Paare und Passanten am Savignyplatz: eine diagonale Geschichte zur Weihnachtszeit.

Nachts ums Dach wilde Sterne.

Johannes Schenk

Ein Abend im Dezember, für Berliner Verhältnisse lag sauberer Schnee. Tags zuvor gefallen, war er noch nicht zu Brei zerfahren und aufgehäuft. Vera hatte hier zu tun gehabt und die Rückfahrt für den kommenden Morgen gebucht. Sie beabsichtigte nicht, den Abend allein zu verbringen, wollte durchaus ihren persönlichen Tagesausklang verschönern nach der Konferenz, zu der sie einen gewohnt ernsthaften Part beigetragen hatte.

Auf dem Podium war sie nur auf enttäuschende, eigentlich gar keine Gesprächspartner getroffen. Aus dem S-Bahnhof Savignyplatz tretend, schaute sie kurz in die Architekturgalerie neben dem Ausgang, genoss die sachlichen Linien der sparsamen Präsentation. Die berühmte Buchhandlung ein paar Schritte zum Platz hin war leider schon geschlossen. Schaufenster für Schaufenster lockten Kunstbände, Bücher zur Filmgeschichte, zur Architektur und erlesene Kalender. Da wäre bestimmt noch ein Weihnachtsgeschenk zu finden gewesen.

Sie steuerte das französische Restaurant an, das sie von einem früheren Besuch her kannte. Nun saß sie hier in einer Nische mit Ausblick, neben dem Klavier, das zum Glück nicht besetzt war. Damals hatte eine Frau sich zu eigenen Chansons begleitet, Anschlag und Getue hatte Vera etwas aufdringlich gefunden. Nach dem Essen, vegetarisch mit einem feinen Gemüse, holte sie ihre Papiere aus der Tasche, las dann aber lieber in dem Buch, das sie früh am Bahnhof gekauft hatte.

Immer wieder musste sie nach dem Paar hinüberschauen, das zwei Tische entfernt am Fenster saß; der Frau mit den blonden Haaren in einem Kleid mit appliziertem Schnickschnack gegenüber ein grauhaariger Mann im edlen, fliederfarbenen Hemd unter dem Sakko. Die Frau machte Vera nervös mit ihren aggressiven Handbewegungen, die bis zu ihr herüber in die Buchseiten stachen. Aufschauend traf sie mehrmals auf ein diskret beschwichtigendes Lächeln des Mannes. Nachdem die Blonde abrupt aufgestanden, klirrende Gläser und das Restaurant hinter sich gelassen hatte, führte der Mann ruhig seinen Rotwein zum Mund. Kurz schloss er die Augen und hing dem Geschmack nach. Vera sah ihm dabei zu. Er schaute sie danach an. Sie lächelten. Es stellte sich heraus, dass die Rebsorte im Glas vor ihr dieselbe war. Nach seiner höflichen Vorstellung ließen sie sich gemeinsam eine Flasche davon bringen.
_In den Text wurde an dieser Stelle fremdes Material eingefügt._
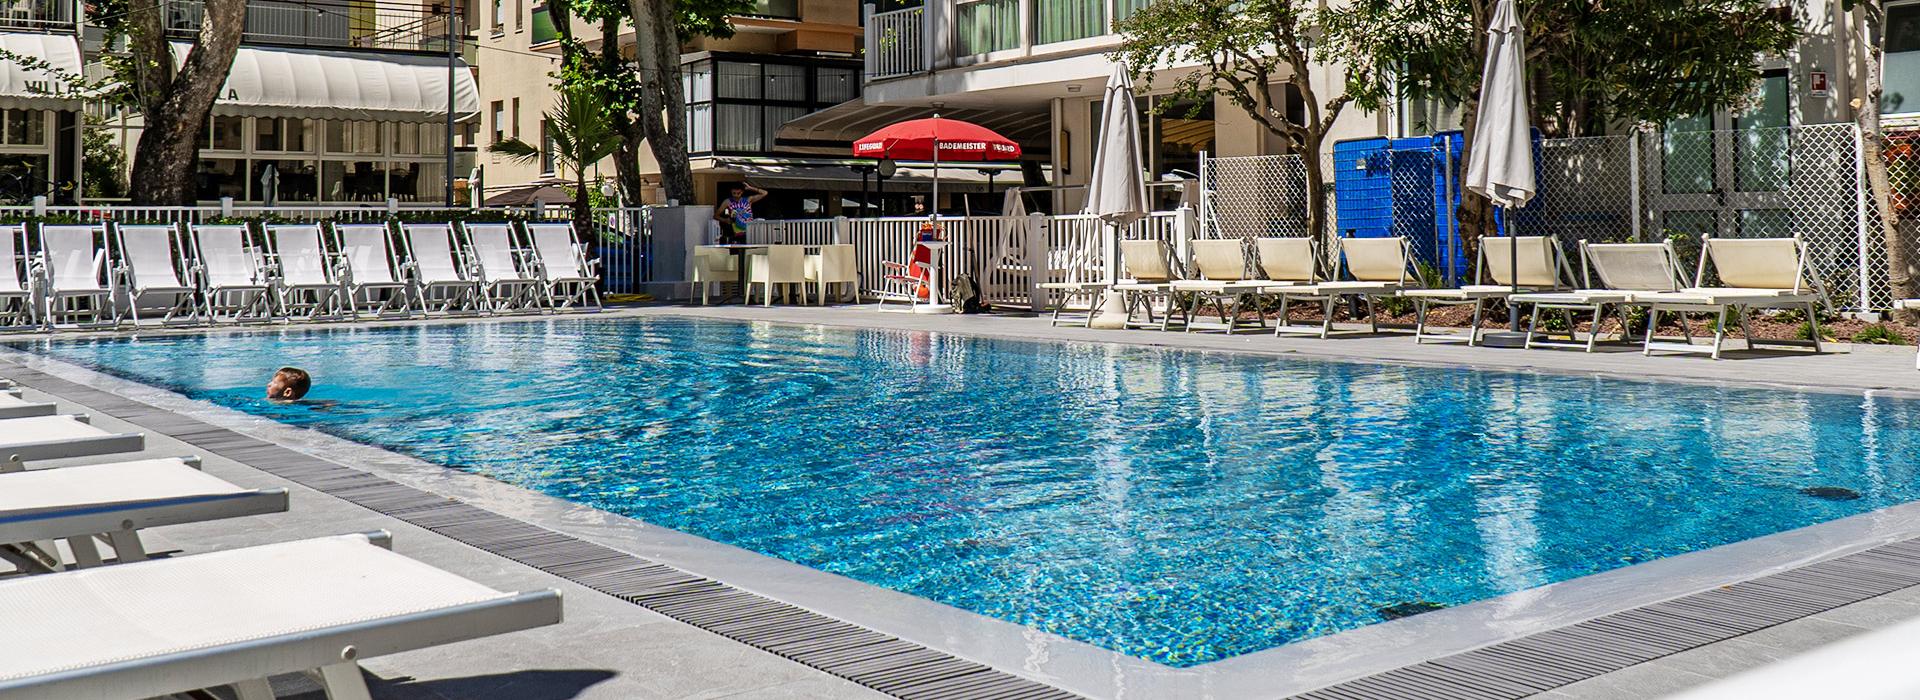 hotelaiglonrimini de pool-hotel-rimini 012
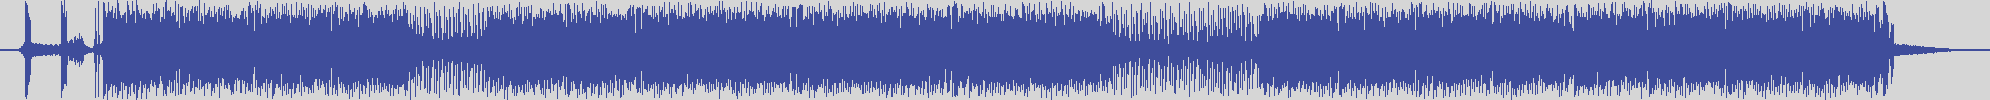 nf_boyz_records [NFY018] Steven Mc - Get Down [Hard House Mix] audio wave form

Zur selben Zeit saß Carl am diagonal gegenüberliegenden Ende des Platzes an einem Holztisch in dem Lokal, das hier sein liebstes war. Vor dem großen Fenster, in dem der Hauskater auf einer Decke lag, fing es eben zu schneien an. Er war mit einer alten Freundin verabredet. Sie sahen sich selten, obwohl sie keine halbe U-Bahn-Stunde voneinander entfernt wohnten. Eben rauschte sie herein mit einem beachtlichen Seufzer, mit ihrem charakteristischen Ich-bin-überlastet-also-entspanne-du-dich-mal-Ächzen, bestellte ein Bier, schaute forschend und fragte ihr Gegenüber durchaus ernst, wie es ihm ginge. Carl seufzte seinerseits.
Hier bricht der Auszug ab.